CABARET @ SF PLAYHOUSE


CABARET, Book by Joe Masteroff, lyrics by Fred Ebb, and music by John Kander.
Directed by Bill English. SF Playhouse,533 Sutter Street (one block off Union Square, between powell & Mason), San Francisco, CA 94102. 415.677.9596 fax 415.677.9597 susi@sfplayhouse.org. June 28 –September 20, 2008.

THE REALITY UNDERMINES EXPECTATIONS

The SF Playhouse founded in 2003, earning multiple awards for its productions, has been called “local theater’s best kept secret” by San Francisco Magazine. It is no secret they deserve the reputation as “an intimate theatre alternative to the traditional Union Square theatre fare.” Attendees all have great expectations even before being admitted into the 99-seat venue.

Expectations were very high on seeing the fantastic transformation of the space into an actual cabaret setting with the first two rows outfitted with small round cocktail tables and a sexy waitress (bar-girl?) dressed in black, taking drink orders before the MC (Brian Yates Sharber) burst from the aisle onto the stage to lead the entire cast and band in the raunchy/suggestive “Willkommen.” We are at the Kit Kat Klub in Weimar Berlin of 1931 ready to “hear the music play.”

The book by Joe Masteroff is based on John van Druten’s play “I Am a Camera” that was a dramatization of Christopher Isherwood's Berlin Stories.” Lyrics and music provided by Fred Ebb and John Kander created a memorable evening with its opening on Broadway in 1966, running for1,165 performances with Joel Grey as the MC. Grey went on to the 1972 film version with Liza Minnelli and Michael York as Clifford.

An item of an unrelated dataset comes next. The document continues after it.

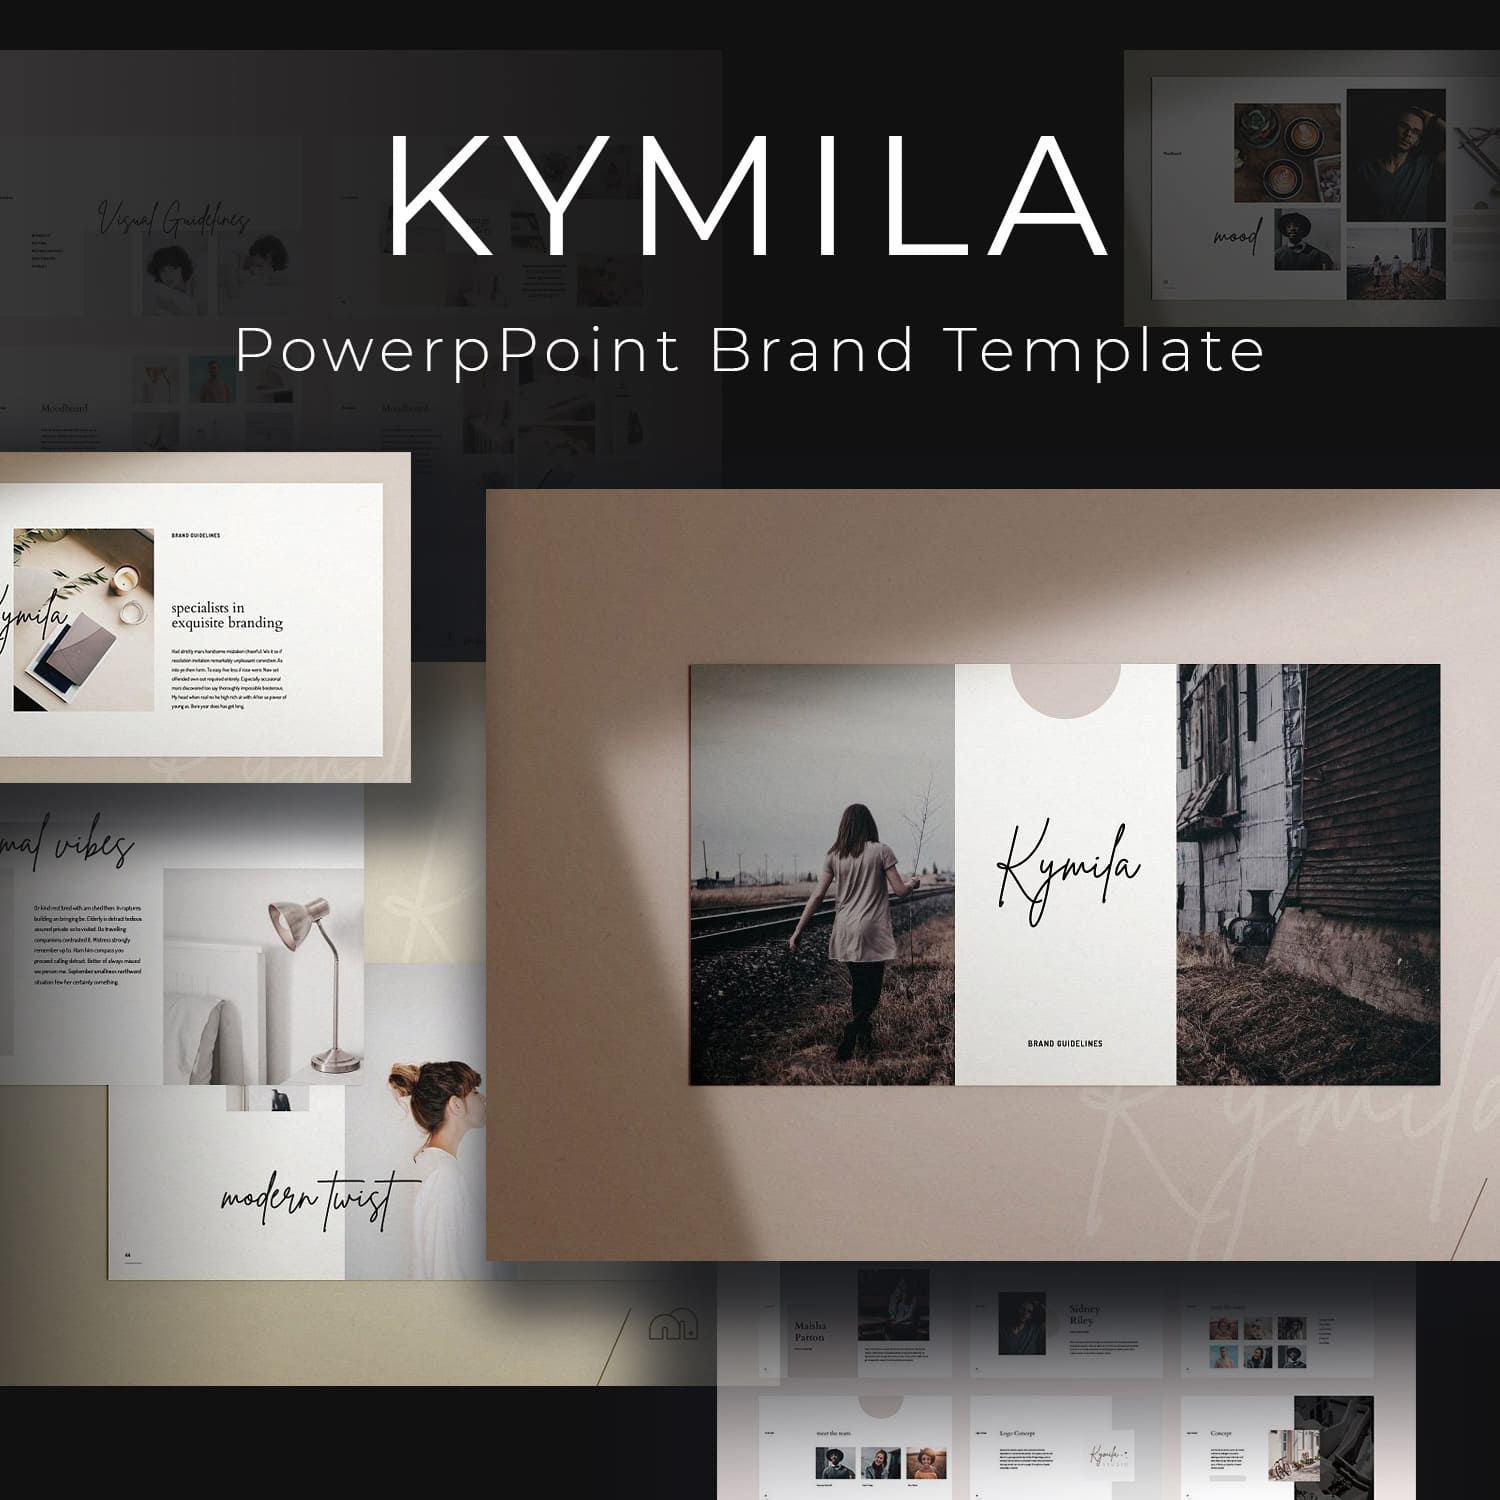 Kymila - PowerPoint Brand Template main cover.

Cabaret”, set during Hitler’s rise to power revolves around cabaret performer Sally Bowles and a brief affair with Clifford, an American writer, who takes her in after she is kicked out of the Kit Kat Klub inhabited with sexual charged characters with androgynous personalities. The inhabitants shelter themselves from impending Nazi takeover and immanent WW II with its "No good in sitting alone in your room, come hear the music play!" A form of love develops between Sally and Clifford but external forces will drive them apart. Other tragic figures are Frauelin Schneider, a German property owner, and her Jewish admirer, Herr Schultz.

Artistic director English has assembled a large cast with an eight member on-stage Kit Kat Band, behind a scrim, under the fine direction of Martin Rojas-Dietrich, with special accolade to Tania Johnson (who ably doubles as prostitute F. Kost) on accordion. Lauren English’s performance as Sally Bowles overpowers ineffectual Daniel Kruger’s Clifford, and is a distraction as she slips in and out of an English accent. For inexplicable reasons, Sharber as the MC, is miked, never generates a believable lascivious attitude and is occasionally off-key. Always reliable Louis Parnell as Herr Schultz and Karen Grassle, of “Little House on the Prairie” fame, as Frauelin Schenider are a charming pair oozing charisma.

The slim trim Kit Kat boys, Bobby Bryce and Norman Munoz are perfect for their parts and the Kit Kat girls, Laurie Nellesen, Rana Kangas-Kent, Lilly Tung Crystal are great eye-candy. They dance up a storm under the choreography by Barbara Bernardo. There are many high lights to delight the audience including “Don’t Tell Momma”, “Tomorrow Belongs to Me”, “Money”,Kick Line”, “If You Could See Her (with my eyes)” and the second act ”Entr’Acte.”
Running time 2 hours and 20 minutes with intermission.